Yes, this thread title does make it official: Just as I've come out on the side of the forces of Liberty during Iran's protests and many other movements against autocracy and / or theocracy, I'm fully on the side of liberterian elements in the demonstrations in Egypt. Credit Michael J. Totten and friends of his like "Sandmonkey" for convincing me there is another possible outcome other than M. ElBaradei's group playing Mensheviks to al-Ikhwan's Bolsheviks. It is going to take a lot of hard work, but it is possible, I think. A risk worth taking, in any case.
Questions about who takes over if President Mubarak resigns from more than just his Party office at the NDP (which also meant good riddance to the rest of the Politburo including his son, Gamal) have come my way. The easy answer is "whoever the Army picks", but that actually isn't correct.

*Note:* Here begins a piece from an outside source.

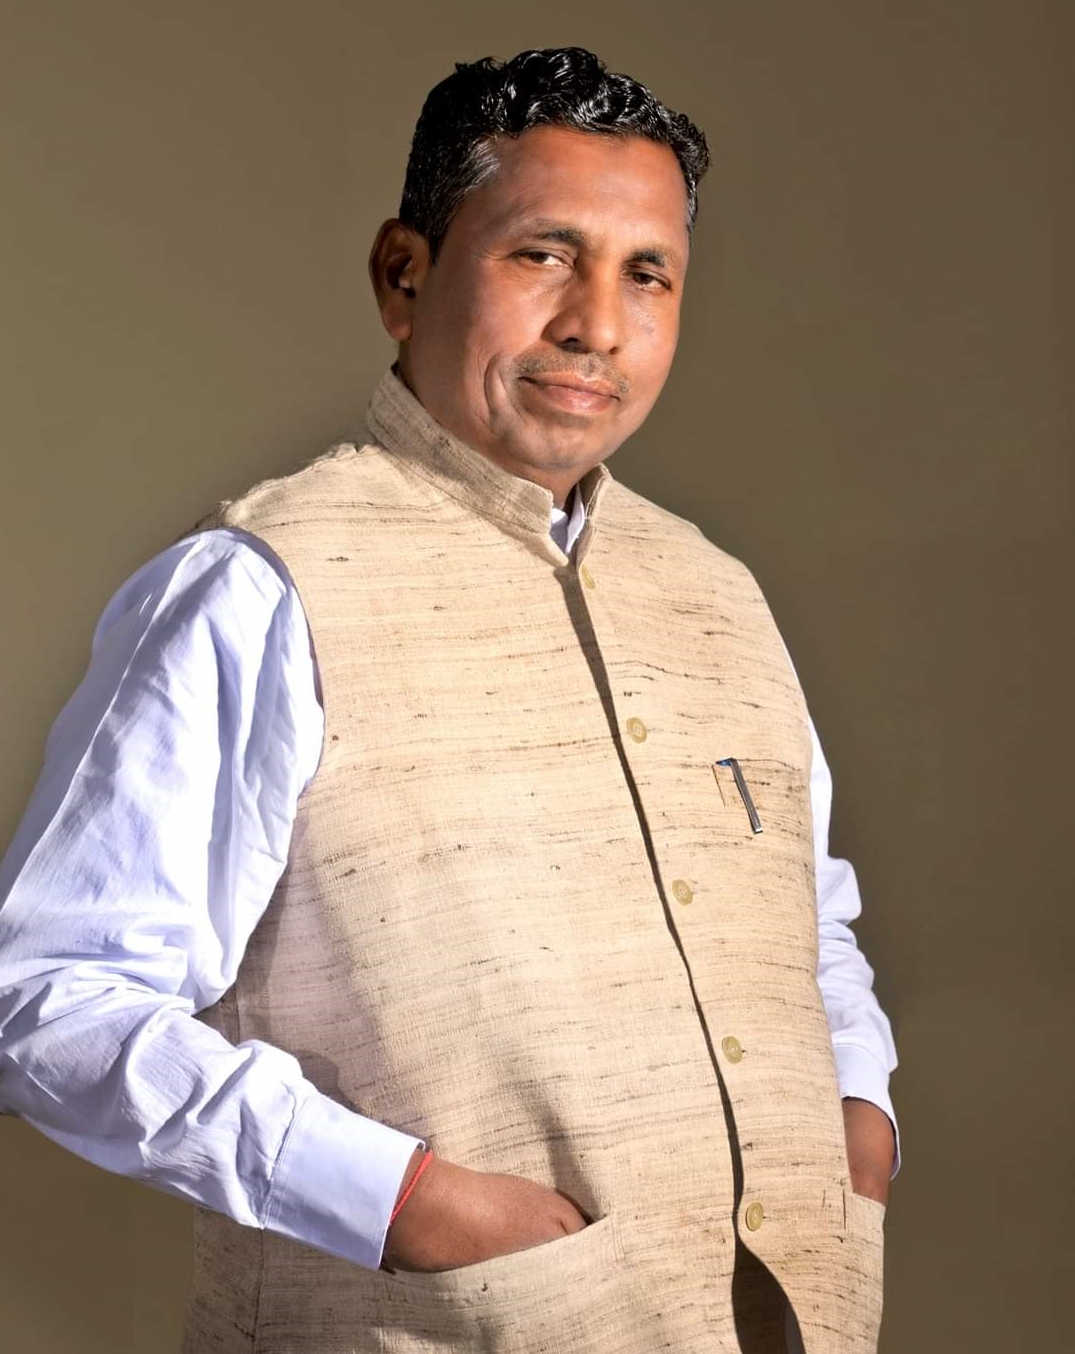 Congress Leader KH Muniyappa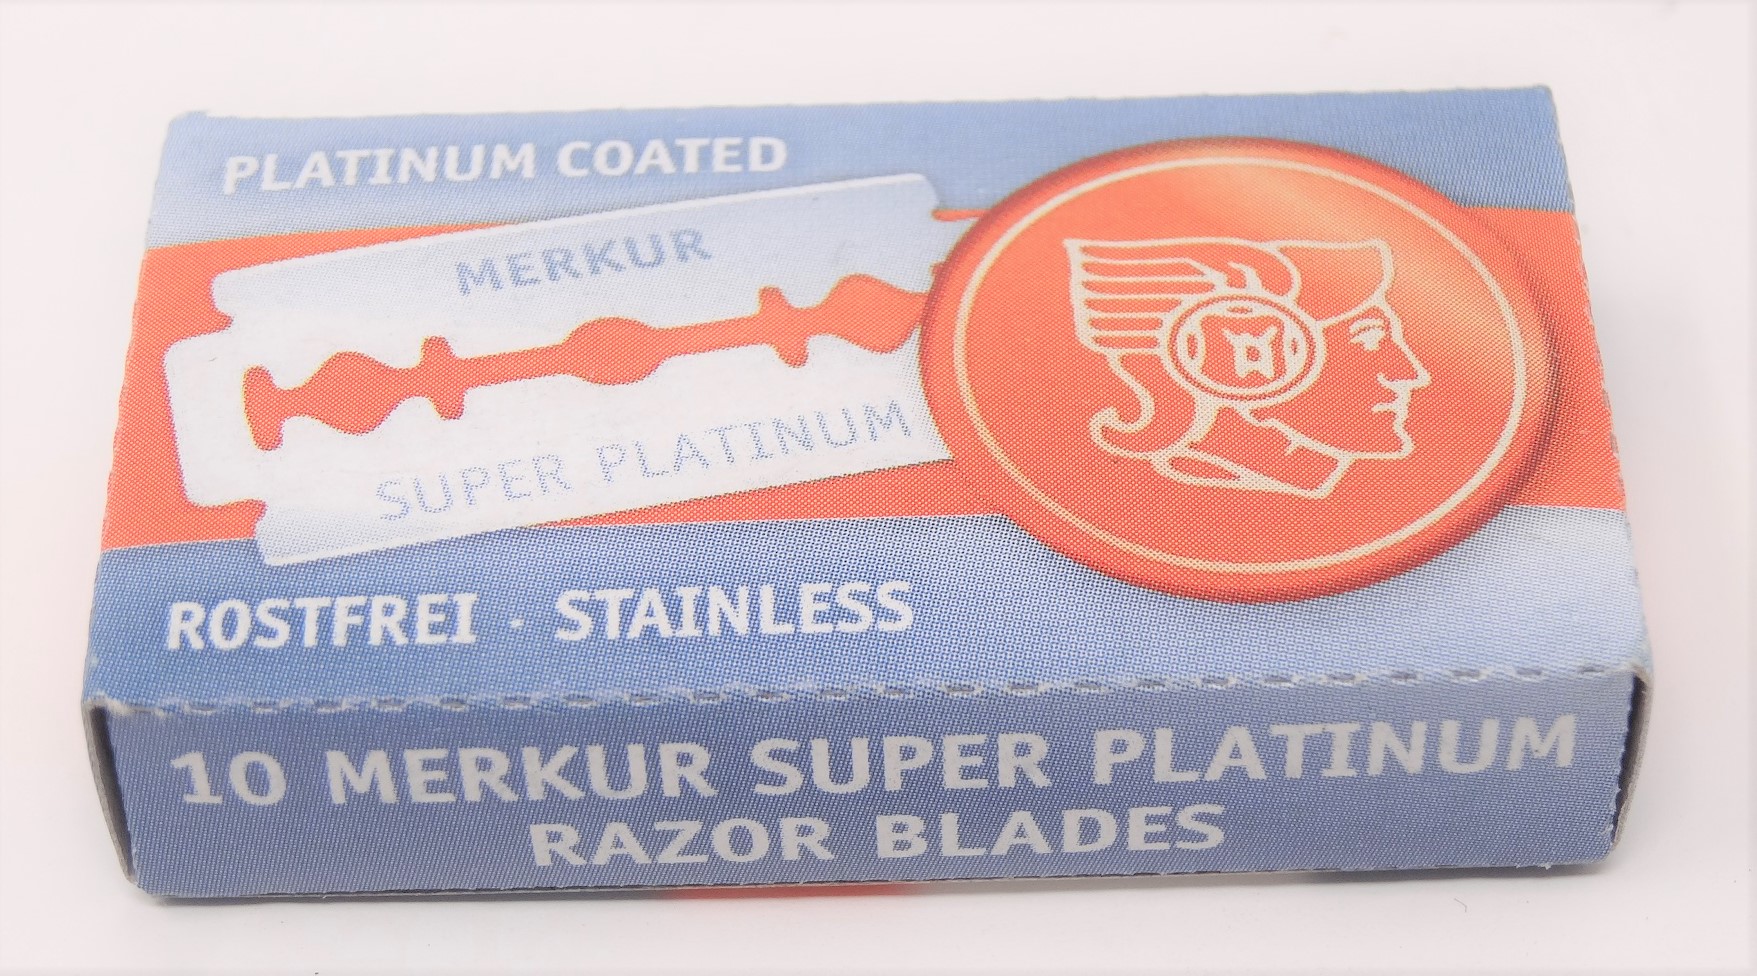 Razor Blades from Merkur

There are two possibilities:
. under the Constitution, The Speaker of the Majilis Al-Sha’ab ('People's Assembly'; Lower House of Parliament) would step in as a caretaker until a new election. This has happened once before, after President A. Sadat was assassinated. If it were to happen after a resignation at this time, the man stepping up would be Ahmad Fathi Sorour.
.. but the law also recognizes the President naming a succession by office, which would make newly-minted Vice President O. Suleiman the next in line.
I'll take a long-odds guess and say I think that in the case of a resignation, the Parliament would move quickly to endorse the Vice President, but that for at least a few days the Speaker would caretake. In the case of a removal (a functional coup by the Army) all bets would be off.
Also, as referred to in that story linked above, the Americans are having more than a little trouble finding a single voice on this matter. That best get sorted out soon, but I'm not particularly hopeful at this point.